Many companies provide wallets or exchanges. Some, like Coinbase, the largest crypto exchange in the United States, offer both.”We think it's the best way to offer a new person in the ecosystem an easy entry point,” said Dan Romero, the GM of Coinbase Consumers.
But before you consider making a major investment, it's important to remember that cryptocurrency is new technology. Tread lightly. “You shouldn't put your life savings in it,” Romero warns.
It's also important to realize that once you make a trade, you can't reverse it. Be absolutely sure you are sending to the right person or institution. Mistakes cannot be undone. Oh, and there's no insurance, either — if someone hacks your wallet and swipes your bitcoin, tough luck. Some exchanges, like Coinbase, offer insurance against company-wide hacks though.
Trades are made using public and private keys. A public key is like an email address and a private key is like the password for that email account. If you have someone's address, you can send them an email, but you can't access their emails unless you also have their password.
That's how trading crypto works: You send and receive by giving out or using your public key but you have to keep your private key protected otherwise anyone can access your crypto.

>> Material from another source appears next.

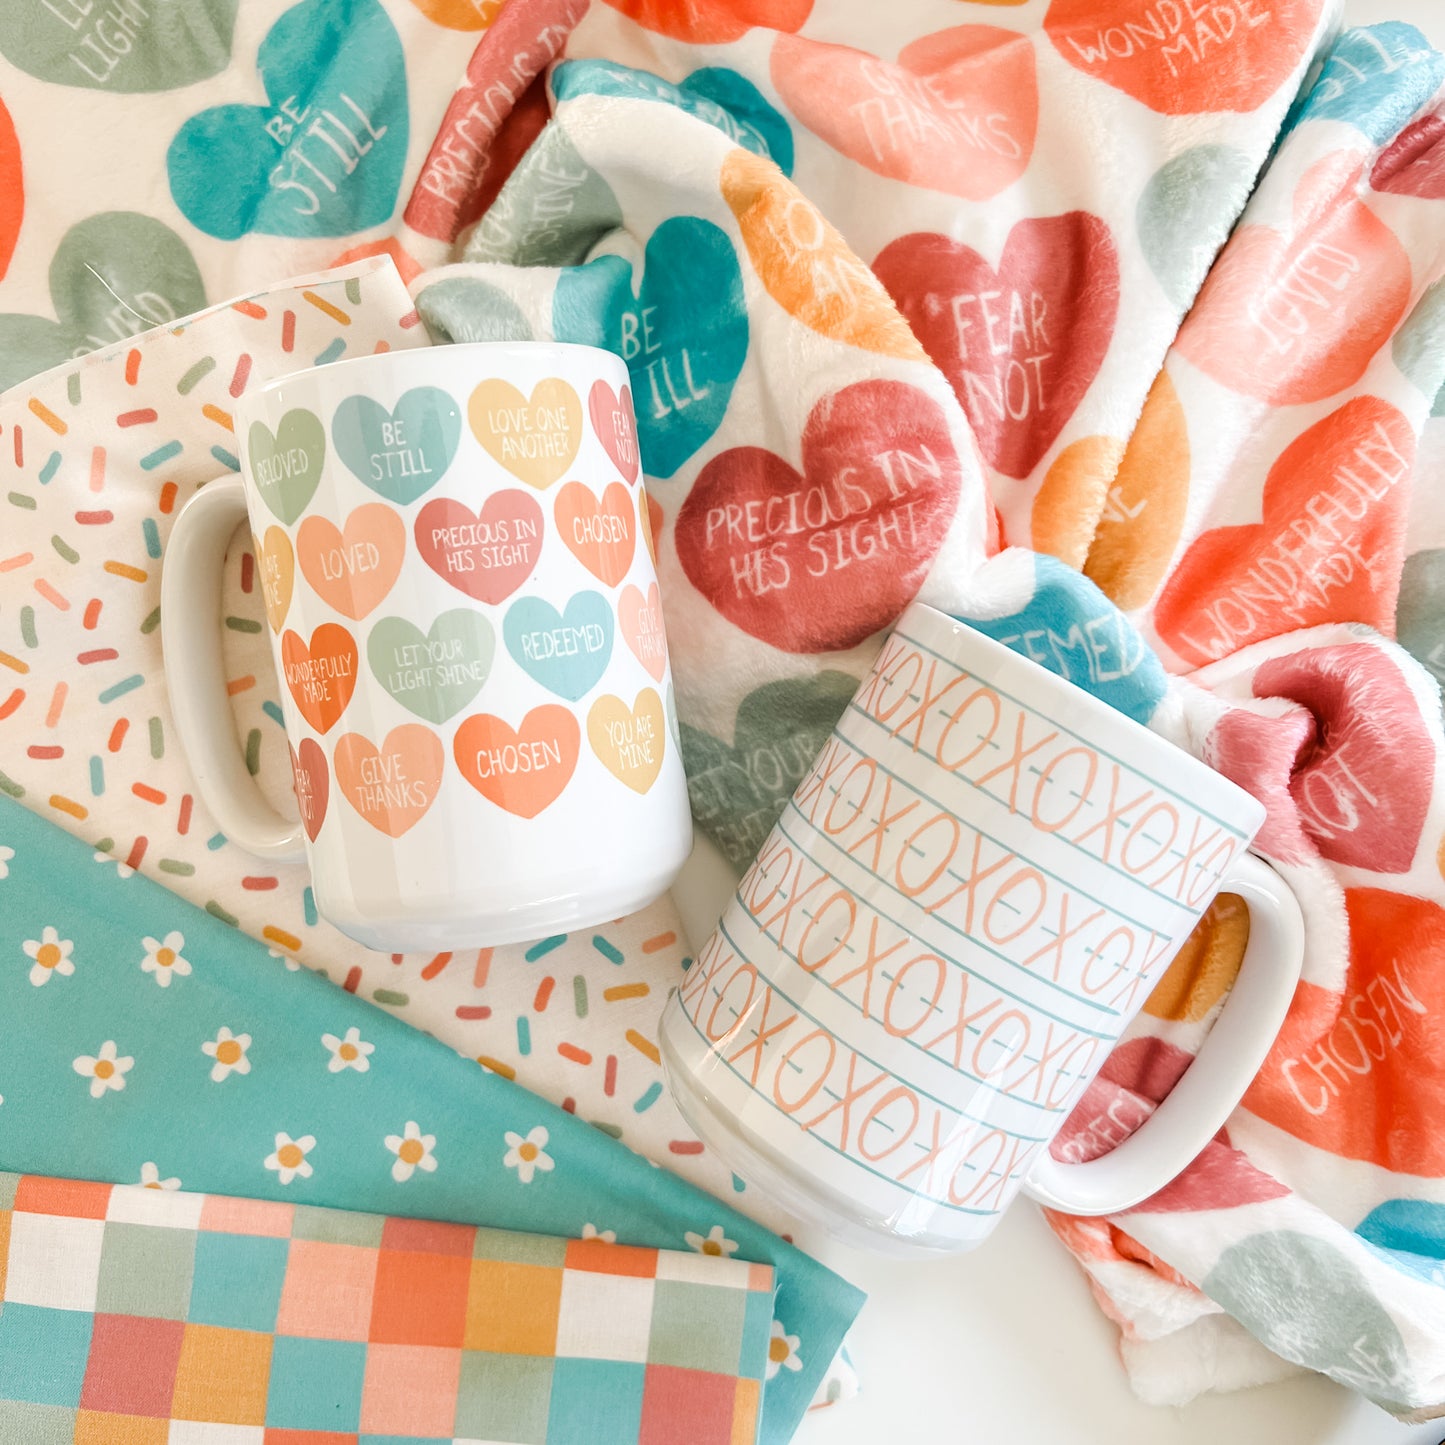 Limited Edition Scripture Candy Hearts Valentine Mug

What could possibly go wrong?
The biggest problem with cryptocurrencies is also what makes them so attractive to some investors: Their lack of regulation and decentralized nature provide buyers and sellers a degree of privacy they don't get from traditional investments.
But that also means there's little oversight or security and your investments are largely unprotected. That's prompted many central banks to warn against using cryptocurrencies, and Warren Buffett went so far as to say bitcoin is “probably rat poison squared.”
Even Goldman Sachs, which announced in May that it would launch a bitcoin trading desk, recently seemed less sure. Its mid-year economic report said cryptocurrency is “neither a medium of exchange, nor a unit of measurement, nor a store of value.” UBS has voiced similar concerns, saying cryptocurrency is too “unstable” to go mainstream.
Investing always carries some risk, but for now the world of cryptocurrency seems more Wild West than stock market. Anyone thinking of doing so should think twice. And perhaps think twice again.